Bruce Schneier's PRNG is named Yarrow. In honor of the principle of
naming cryptographic PRNG's after plants, and in honor of my favorite
cactus/succulent of the Sonoran desert that Phoenix Arizona (USA)
rests in, I (Eric Lee Green, eric@estinc.com ) hereby name this PRNG
"Ocotillo".

See: http://desertusa.com/nov96/du_ocotillo.html

Mandatory copyright notices: 
 This software is Copyright 1999 Enhanced Software Techologies Inc.
   It is released for public use under a BSD-style Open Source
license. See the file "LICENSE.ocotillo" for the complete license. 

##########################################################################
Mandatory attribution clauses:
   This software includes MD5 routines copyrighted by RSA Data Security,
       Inc. and licensed for public use. 
  This software includes Twofish routines copyrighted by Dr. Brian Gladman
     and licensed for public use. 
##########################################################################

*WARNING* If you are on Linux or FreeBSD, this should be merely an
instructional tool, the /dev/random and /dev/urandom available on
those operating systems is far more secure because, by having access
to OS innards, it has much larger sources of true randomness
("entropy").

If you are on Windows, you should use Bruce Schneier's "Yarrow"
(http://www.counterpane.com) for similar reasons.

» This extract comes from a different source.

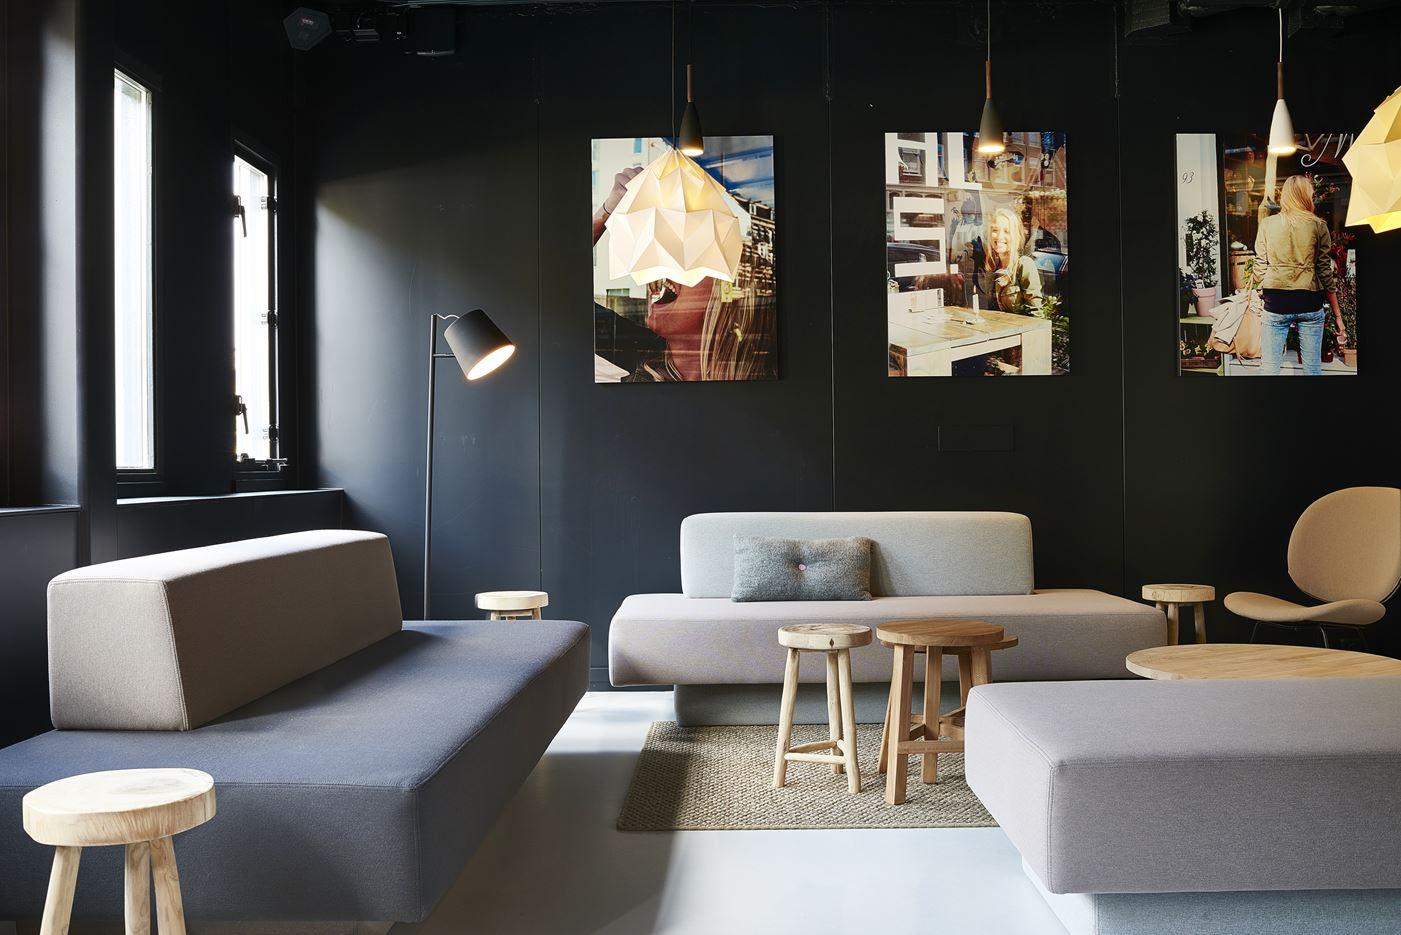 Good Hotel Amsterdam By Blooey

This software is intended only for use on Unix platforms such as
Solaris, SCO, or HP/UX that do not have a cryptographically strong
PRNG available (normal pseudo-random number generators produce a
random distribution, but they produce a small number of PREDICTABLE
random distributions, which is not what we need).

##########################################################################
Usage:

int oc_start(void) -- initialize the entropy pools. See ocrandom.c for
   the details of what this involves. Note that you'll need to remove
   '-DBSD_PS' and '-DNO_OUTPUT_POOL' from the makefile for normal use,
   they are there for testing purposes on our internal desktop platforms 
   (we use Linux for our desktop workstations). You will probably want
   to find some more sources of entropy too. 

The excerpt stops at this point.